Start of Data extract
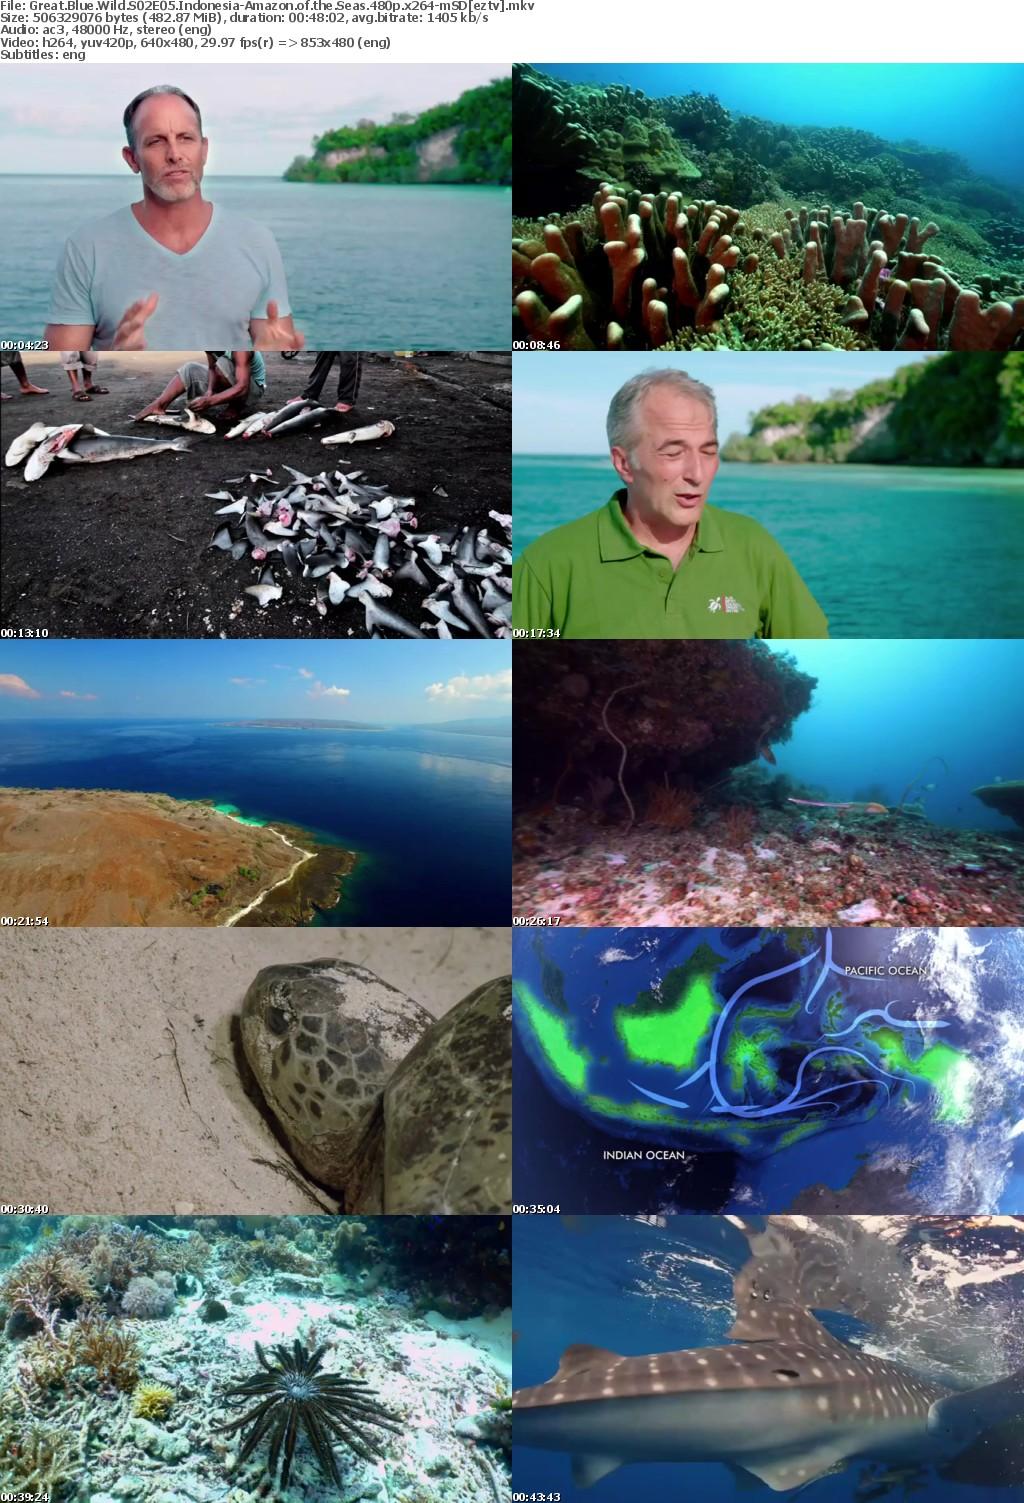 Great Blue Wild S02E05 Indonesia-Amazon of the Seas 480p x264-mSD
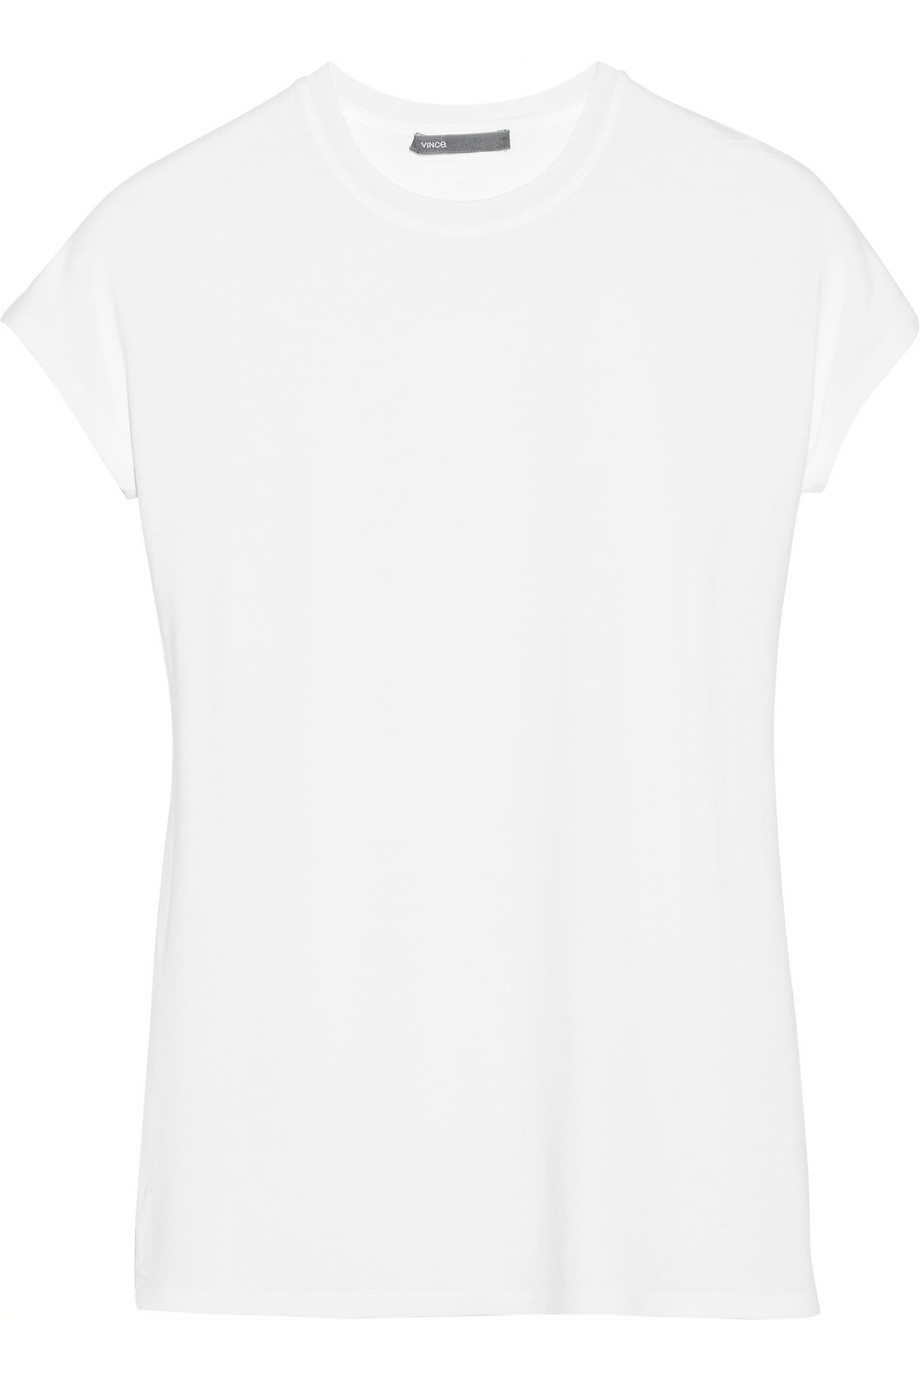 Micro Modal-blend jersey T-shirt   Vince   40% off   THE OUTNET
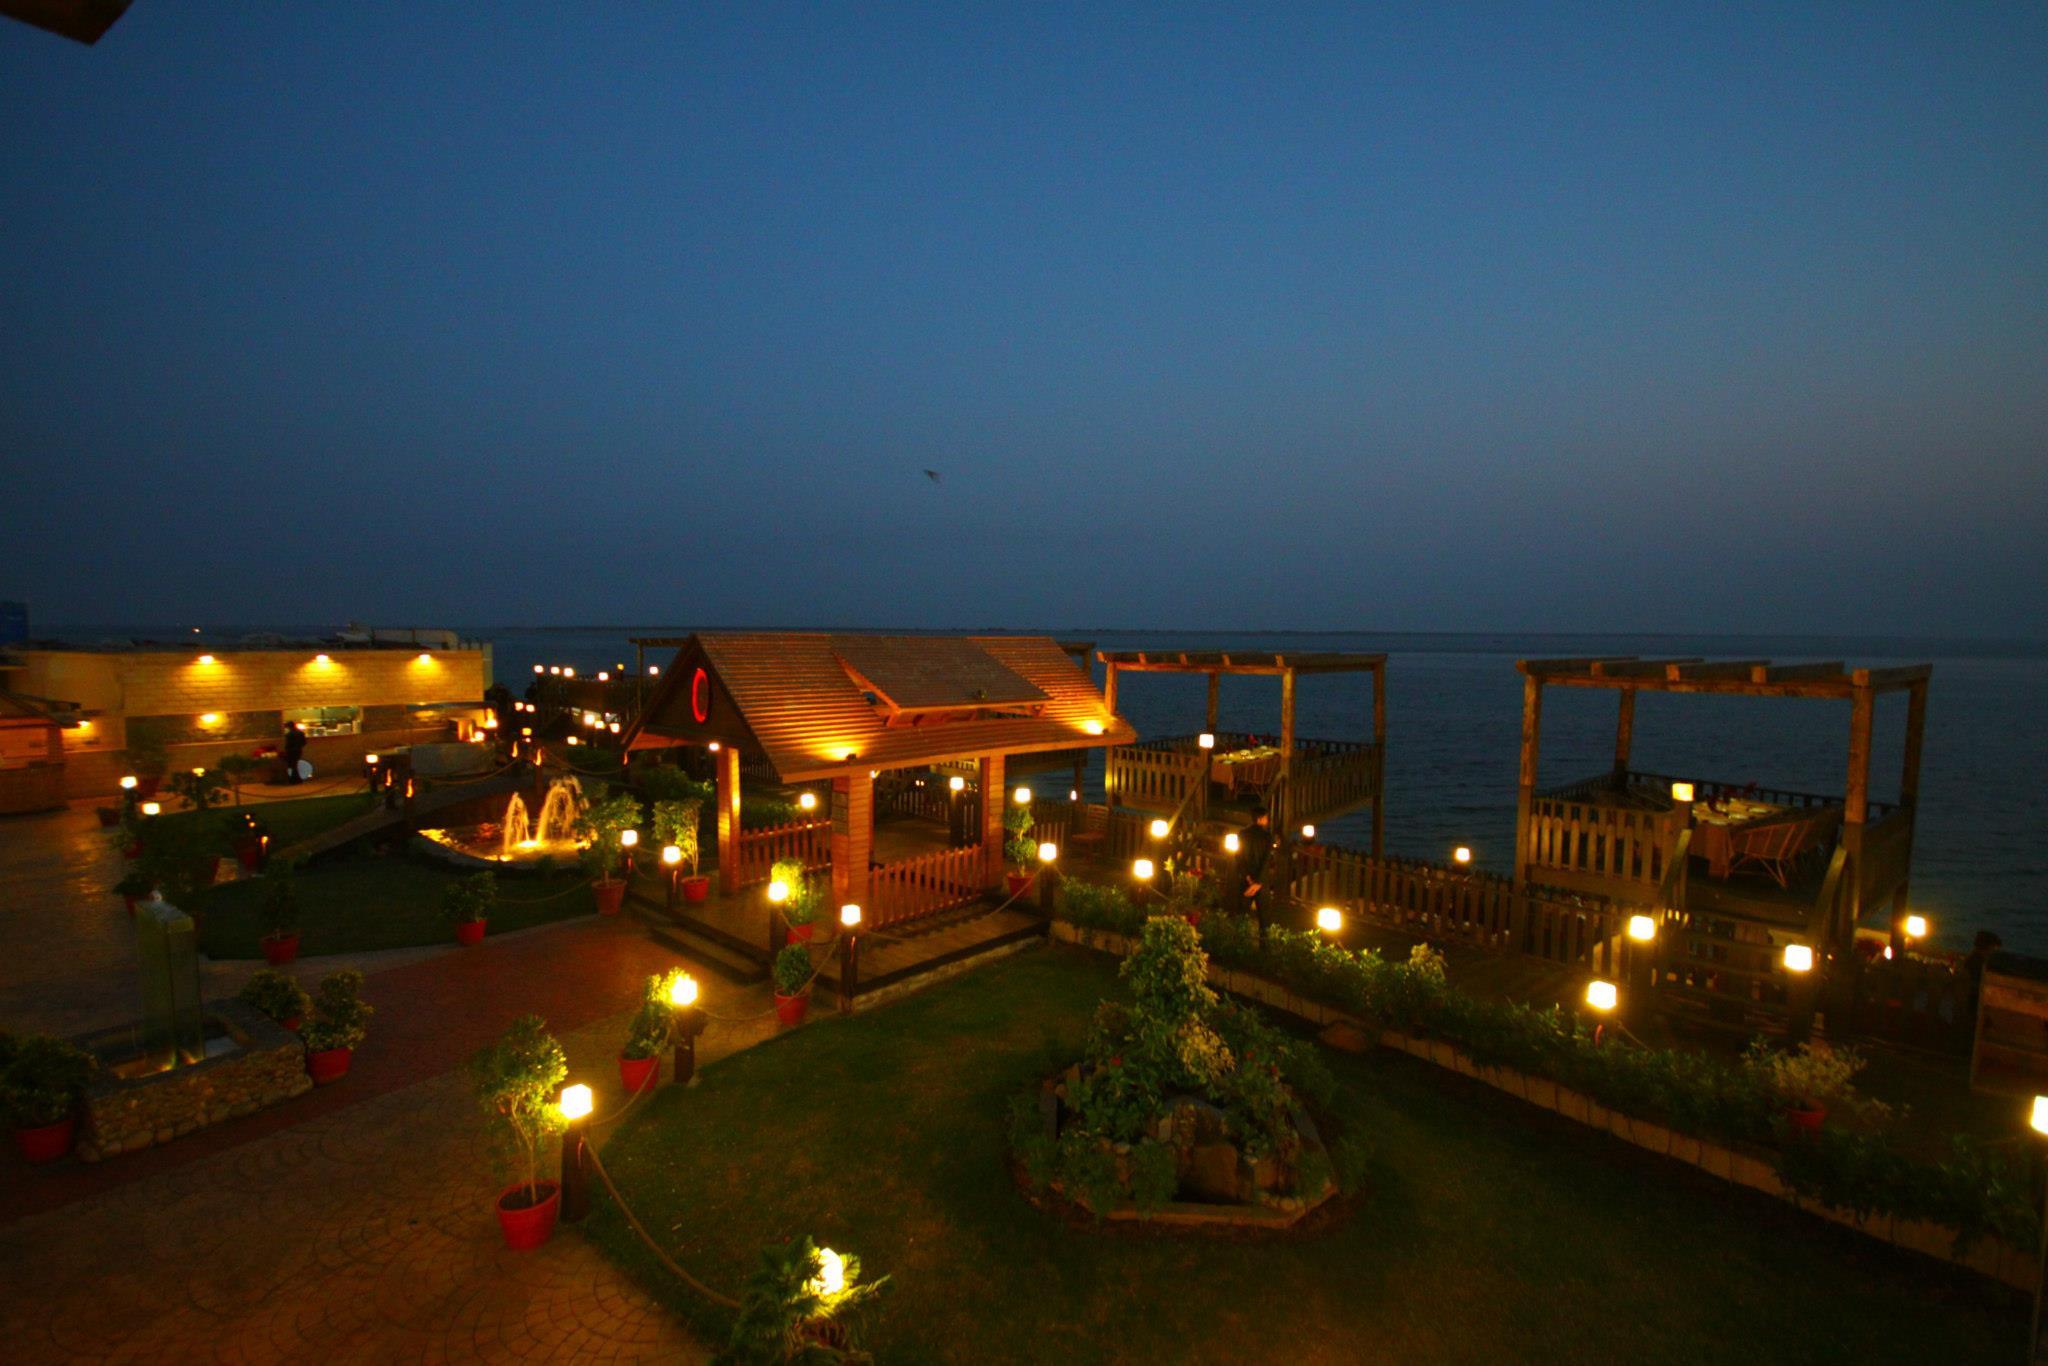 Charcoal-BBQ-n-Grill-Restaurant-at-Do-Darya-DHA-Karachi-1
End of Data extract
When you retype the listing, keep every line exactly as it is and drop the pictures.

=== Response to this task ===
 Great Blue Wild S02E05 Indonesia-Amazon of the Seas 480p x264-mSD
 Micro Modal-blend jersey T-shirt   Vince   40% off   THE OUTNET
 Charcoal-BBQ-n-Grill-Restaurant-at-Do-Darya-DHA-Karachi-1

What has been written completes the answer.